April's growth was driven by rebounds in wholesale trade, mining, quarrying and oil and gas extraction and manufacturing, the federal data agency said. Retail trade was also a top driver of growth, led by food and beverage retailers and gasoline stations, which had posted declines in March.

"Growth within the Canadian economy was good, but not great, over the spring, particularly when viewed in the context of strong labour force and population growth," CIBC economist Andrew Grantham wrote in a research note on Friday.
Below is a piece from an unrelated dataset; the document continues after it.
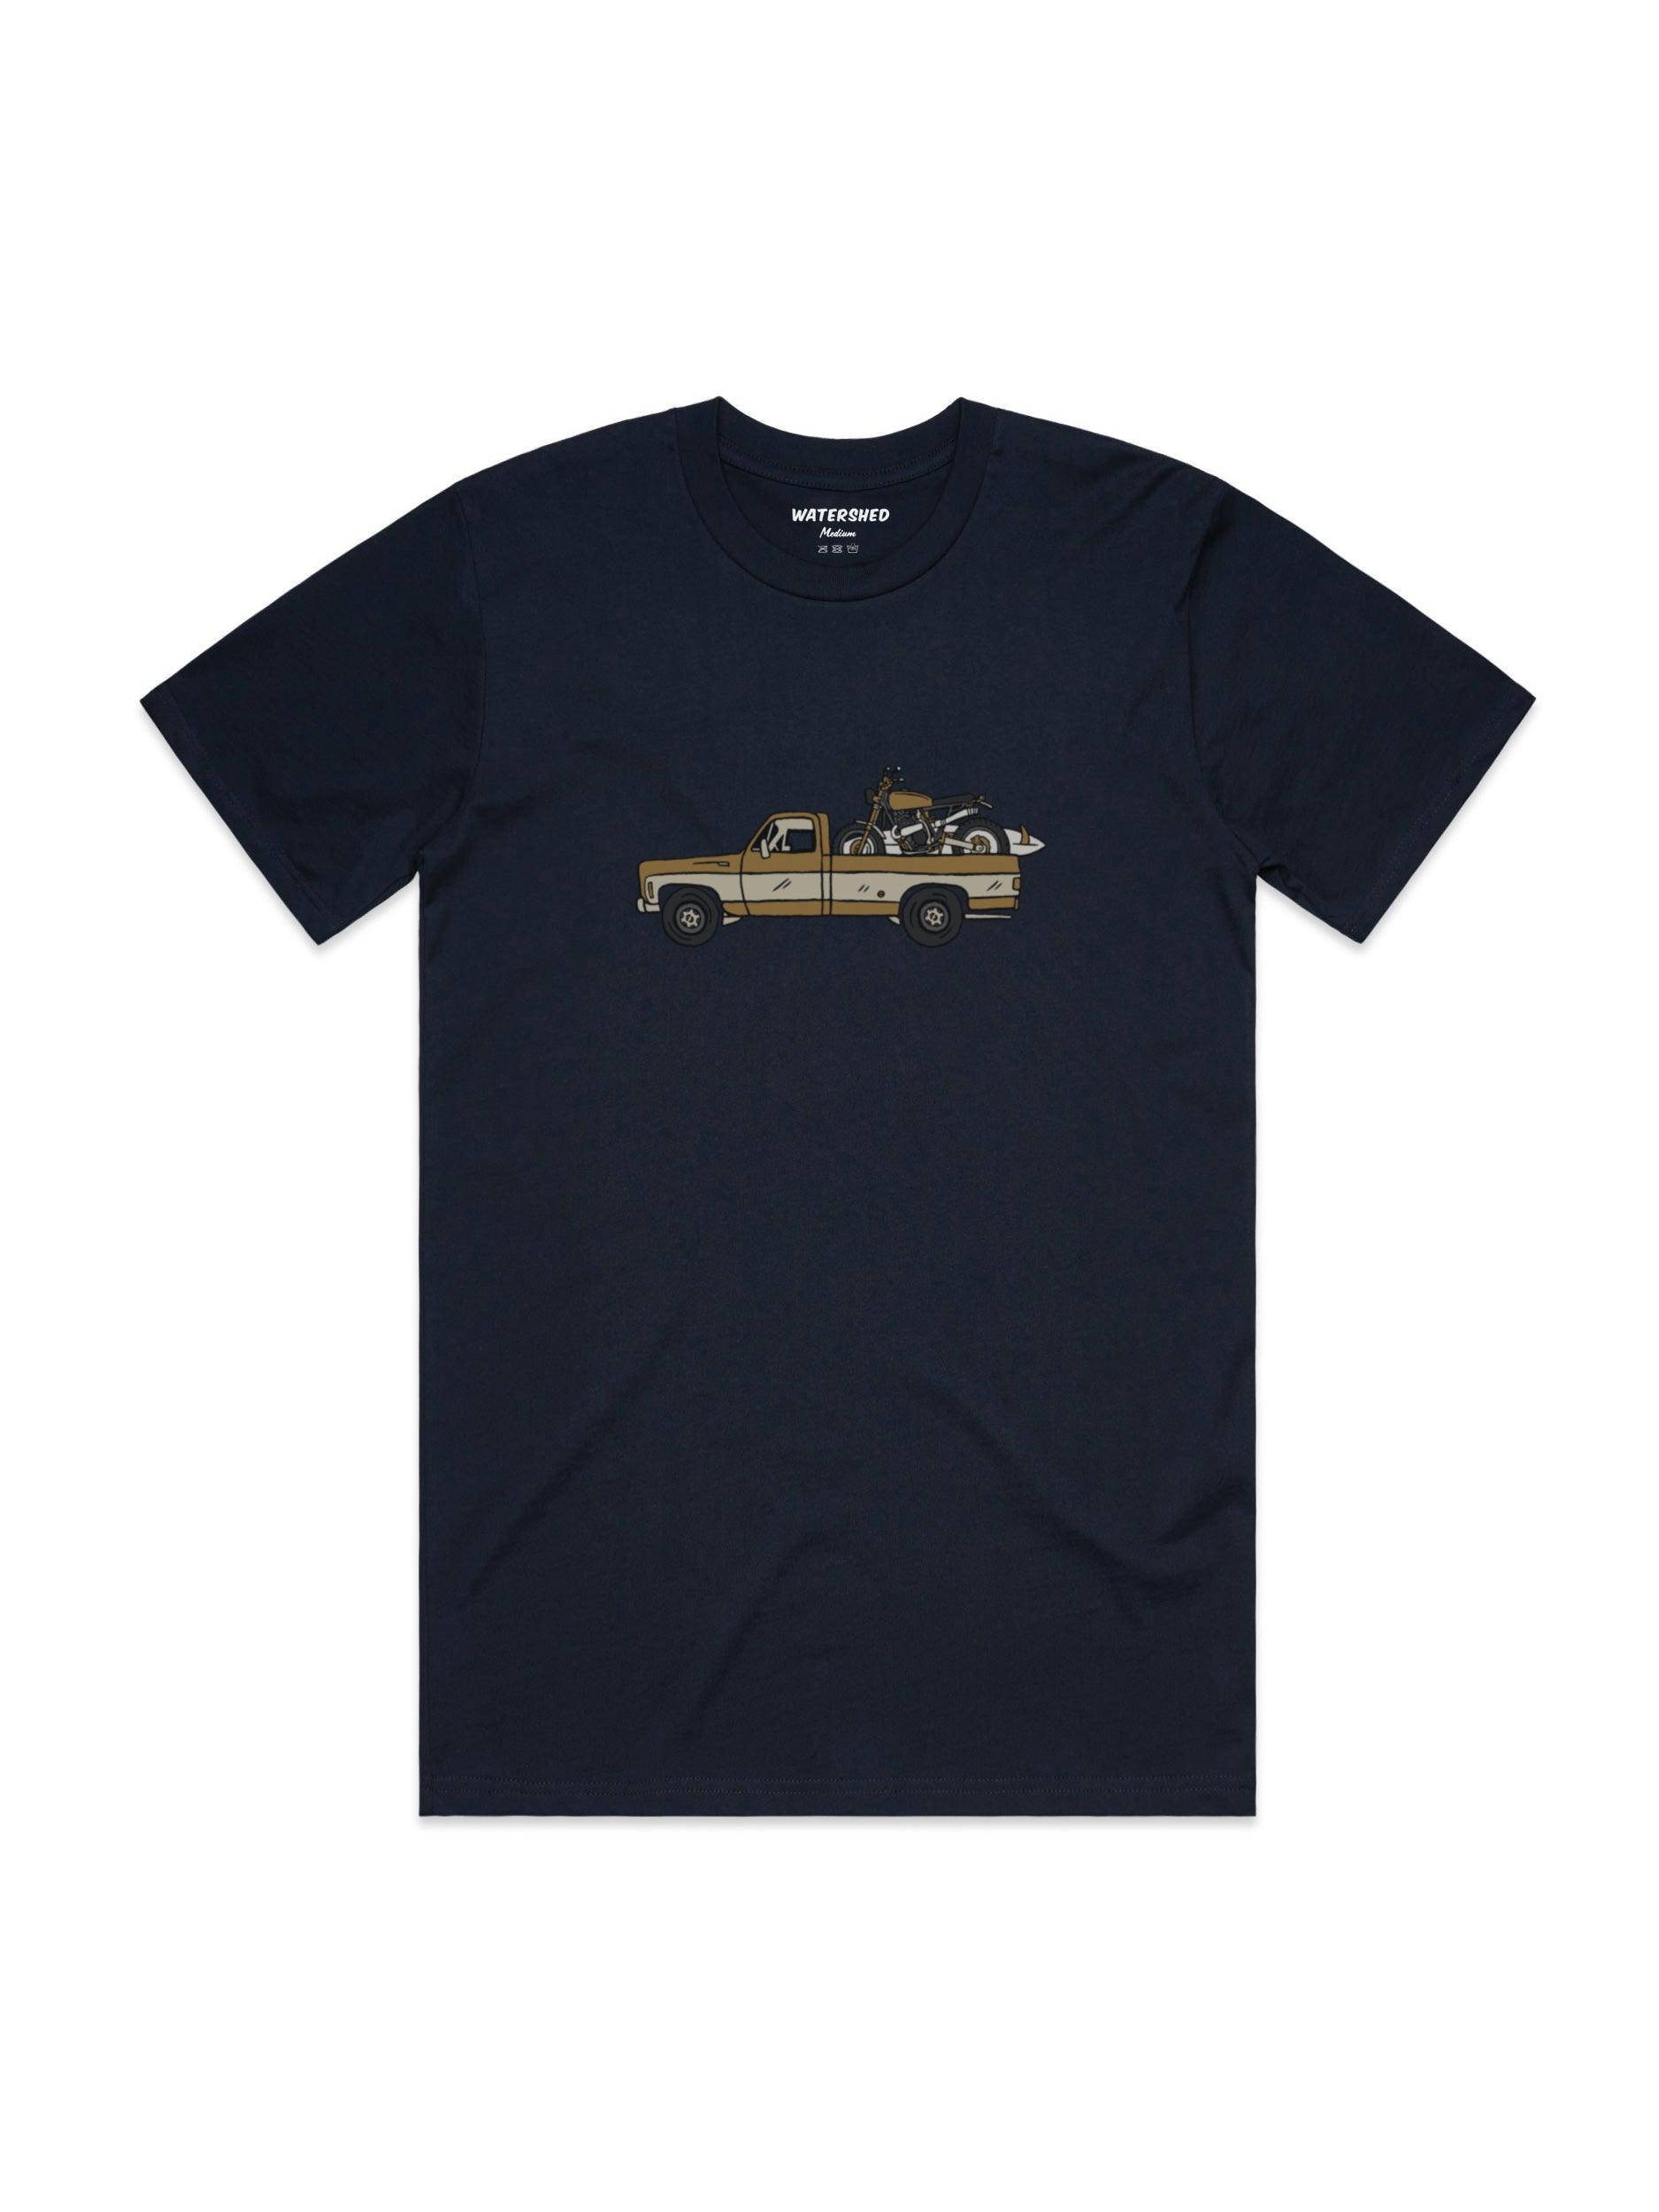 Chevy Truck T-Shirt - Watershed Brand

Grantham also said the monthly slowdown in May suggests the reacceleration of inflation in the same month "likely reflected supply issues or volatility in the data, rather than demand pressures." The consumer price index (CPI) reaccelerated unexpectedly to 2.9 per cent in May while measures of core inflation also increased, reducing the odds of a Bank of Canada rate cut in July.
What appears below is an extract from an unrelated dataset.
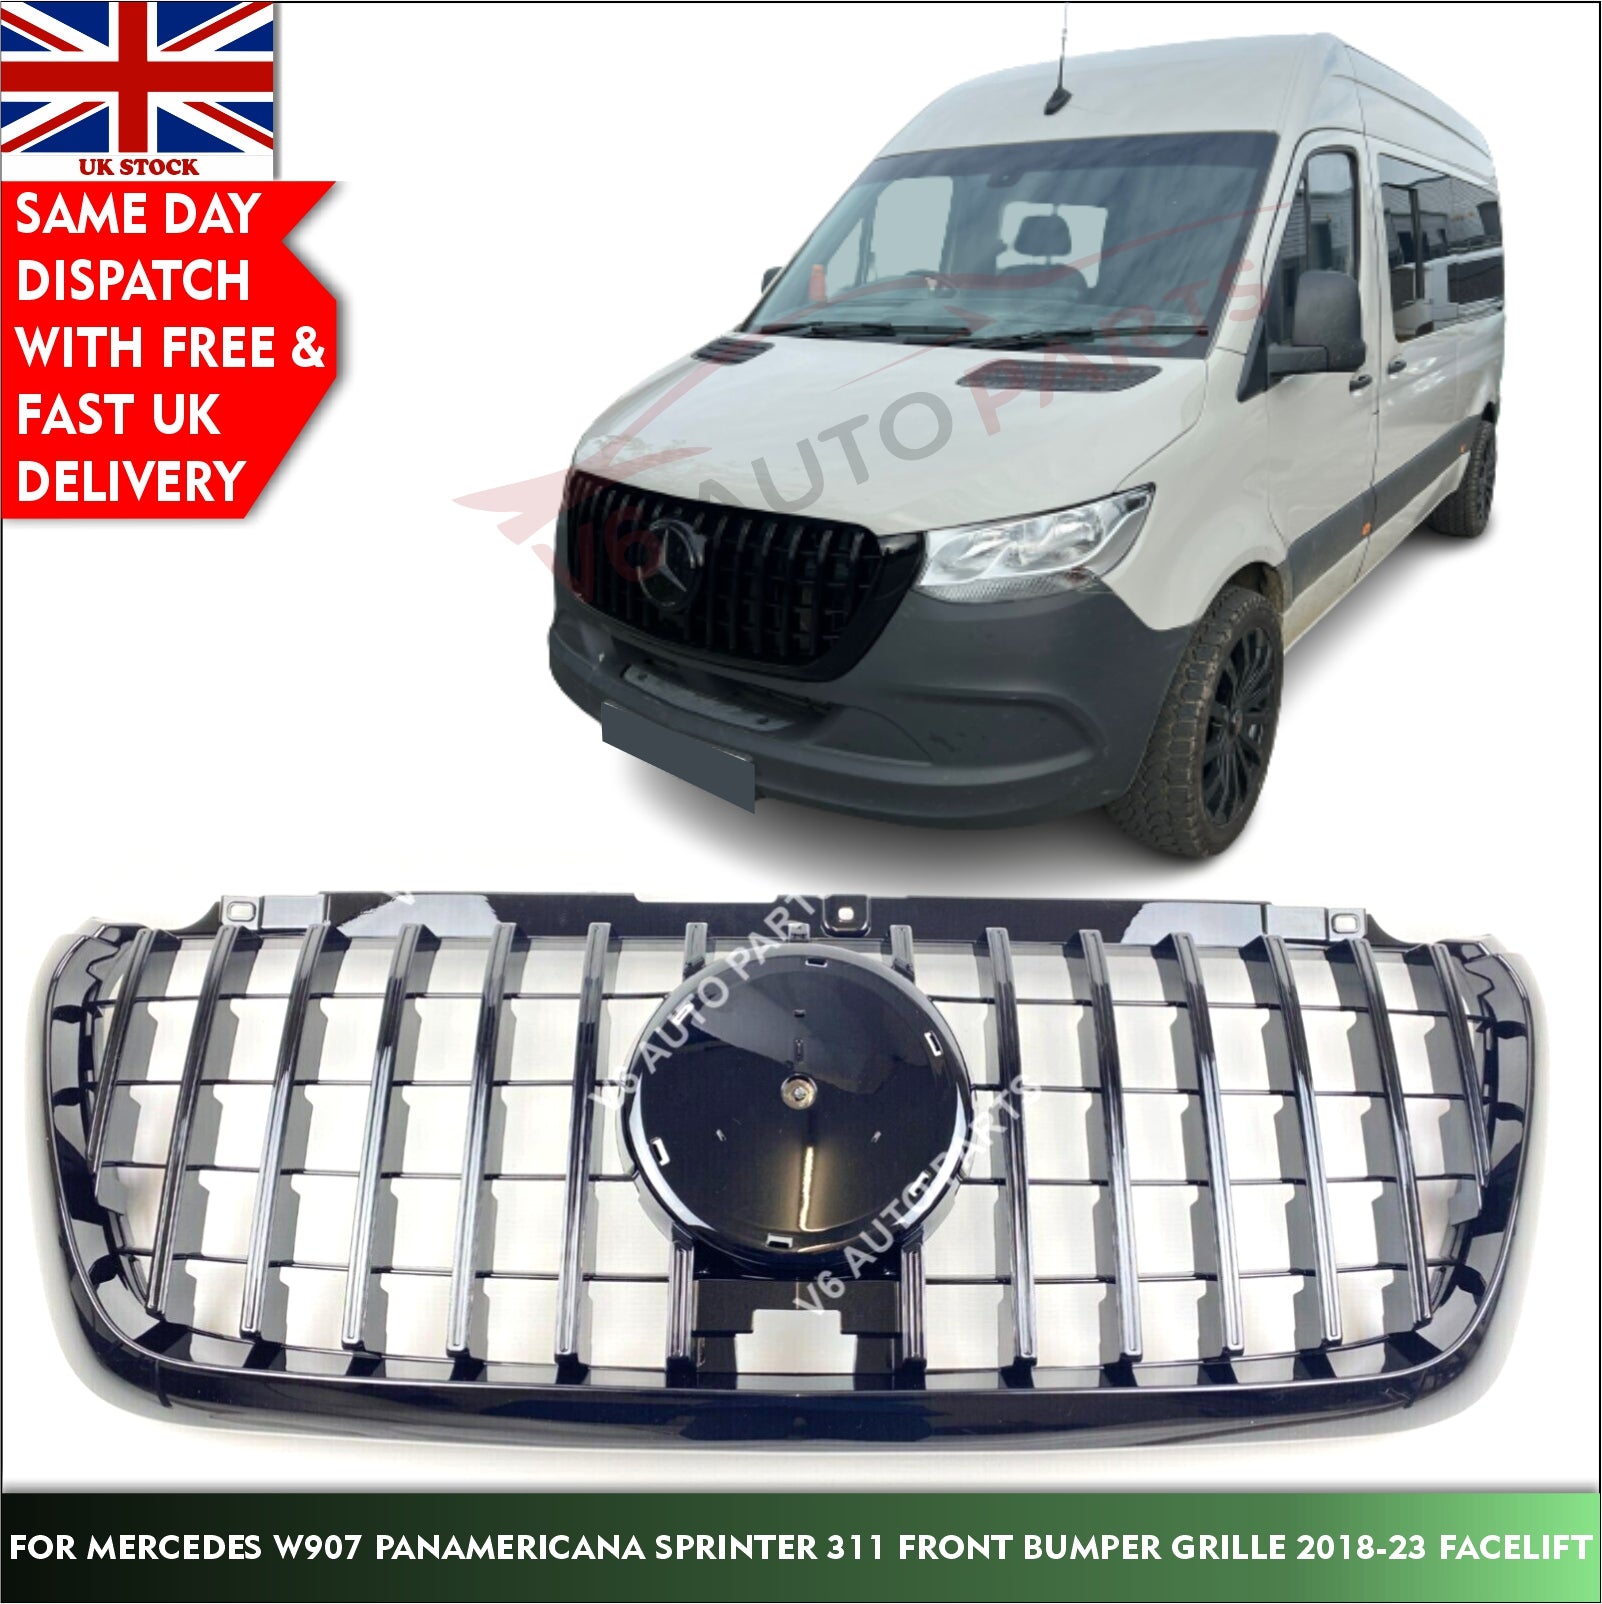 For Mercedes W907 Panamericana Sprinter 311 Front Bumper Grille 2018-23 Facelift

"We continue to view next week's employment data, and next month's CPI figures as more important in determining whether the Bank of Canada will trim interest rates by a further 25 basis points at the late-July meeting," Grantham wrote.

"(A) follow-up interest rate cut at the July meeting is still possible if core inflationary pressures cool again next month."

Friday's data did little to change the odds of a July cut. Money markets trimmed bets earlier this week after inflation data came in hotter than expected, reducing chances of a July cut from 75 per cent on Monday to around 40 per cent after the Tuesday data release. Following Friday's GDP print, the bets moved up slightly to 42 per cent, Reuters said.